Alashkert, Bodø/Glimt, Flora, Kairat, Lincoln Red Imps, Mura, Randers and Union Berlin made their debut appearances in a UEFA competition group stage. Alashkert, Flora and Lincoln Red Imps were the first teams from Armenia, Estonia and Gibraltar, respectively, to play in a UEFA competition group stage.

Draw
The draw for the group stage was held on 27 August 2021, 13:30 CEST (14:30 TRT), in Istanbul, Turkey. The 32 teams were drawn into eight groups of four. For the draw, the teams were seeded into four pots, each of eight teams, based on their 2021 UEFA club coefficients. Teams from the same association, and due to political reasons, teams from Azerbaijan and Armenia, could not be drawn into the same group. Prior to the draw, UEFA formed pairings of teams from the same association, including those playing in the Europa League group stage (one pairing for associations with two or three teams, two pairings for associations with four or five teams), based on television audiences, where one team was drawn into Groups A–D and another team was drawn into Groups E–H, so that the two teams would have different kick-off times. The following pairings were announced by UEFA after the group stage teams were confirmed (the second team in a pairing marked by UEL played in the Europa League group stage):

 A  Slavia Prague and Jablonec
 B  Copenhagen and Randers
 C  AZ and Vitesse
 D  PAOK and Olympiacos (UEL)
 E  Rennes and Monaco (UEL)
 F  Maccabi Tel Aviv and Maccabi Haifa
 G  Partizan and Red Star Belgrade (UEL)
 H  Omonia and Anorthosis Famagusta
 K  Feyenoord and PSV Eindhoven (UEL)
 L  CSKA Sofia and Ludogorets Razgrad (UEL)

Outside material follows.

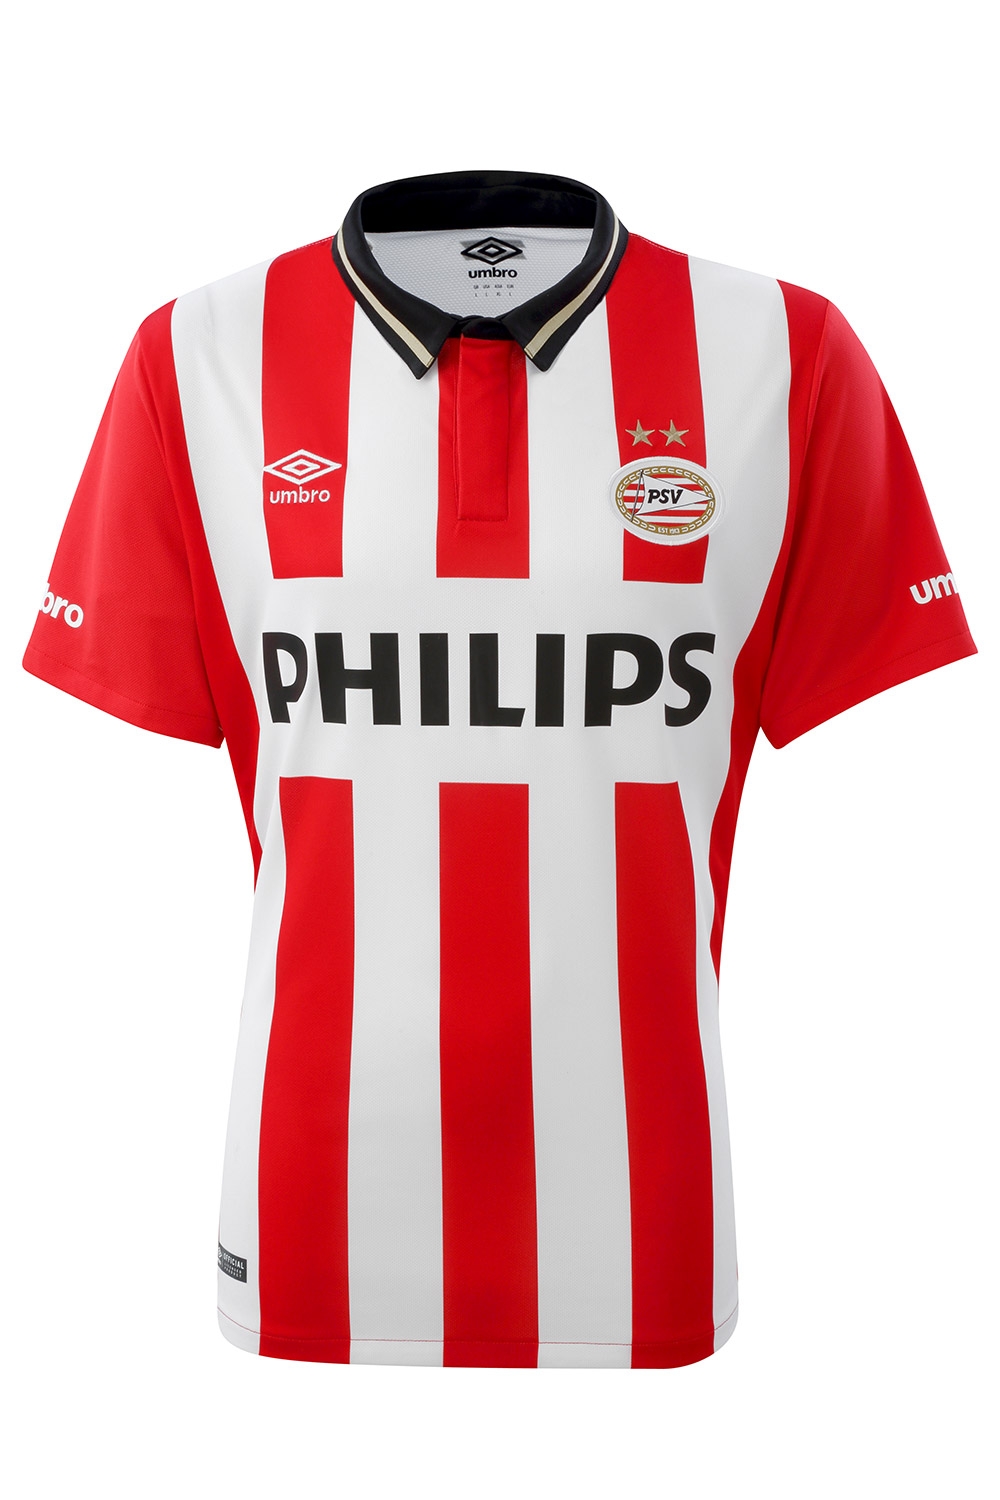 PSV thuisshirt 2016 - PSV shirt 15/16 kopen

On each matchday, one set of four groups played their matches on 18:45 CET/CEST, while the other set of four groups played their matches on 21:00 CET/CEST, with the two sets of groups alternating between each matchday. The fixtures were decided after the draw, using a computer draw not shown to public. Each team did not play more than two home matches or two away matches in a row, and did play one home match and one away match on the first and last matchdays (Regulations Article 15.02).

Teams
Below were the participating teams (with their 2021 UEFA club coefficients), grouped by their seeding pot. They included:
22 winners of the play-off round (5 from Champions Path, 17 from Main Path)
10 losers of the Europa League play-off round

Notes

Format
In each group, teams played against each other home-and-away in a round-robin format. The winners of each group advanced to the round of 16, while the runners-up advanced to the knockout round play-offs. The third-placed and fourth-placed teams were eliminated from European competitions for the season.

Tiebreakers
Teams were ranked according to points (3 points for a win, 1 point for a draw, 0 points for a loss). If two or more teams were tied on points, the following tiebreaking criteria were applied, in the order given, to determine the rankings (see Article 16 Equality of points – group stage, Regulations of the UEFA Europa Conference League):
Points in head-to-head matches among the tied teams;
Goal difference in head-to-head matches among the tied teams;
Goals scored in head-to-head matches among the tied teams;
If more than two teams were tied, and after applying all head-to-head criteria above, a subset of teams were still tied, all head-to-head criteria above were reapplied exclusively to this subset of teams;
Goal difference in all group matches;
Goals scored in all group matches;
Away goals scored in all group matches;
Wins in all group matches;
Away wins in all group matches;
Disciplinary points (direct red card = 3 points; double yellow card = 3 points; single yellow card = 1 point);
UEFA club coefficient.
Due to the abolition of the away goals rule, head-to-head away goals were no longer applied as a tiebreaker starting from this season. However, total away goals were still applied as a tiebreaker.

Groups
The fixtures were announced on 28 August 2021, the day after the draw. The matches were played on 14 and 16 September, 30 September, 21 October, 4 November, 25 November, and 9 December 2021 (one home match of Maccabi Haifa and Maccabi Tel Aviv was played on a Tuesday, due to Yom Kippur, which lasted from sunset 15 September to nightfall 16 September). The scheduled kick-off times were 16:30, 18:45 and 21:00 CET/CEST (all three of Kairat's home matches were played at 16:30 CET/CEST due to the time difference of Kazakhstan, and the matches rescheduled for Tuesdays were also played at 16:30 CET/CEST to avoid conflicts with Champions League matches).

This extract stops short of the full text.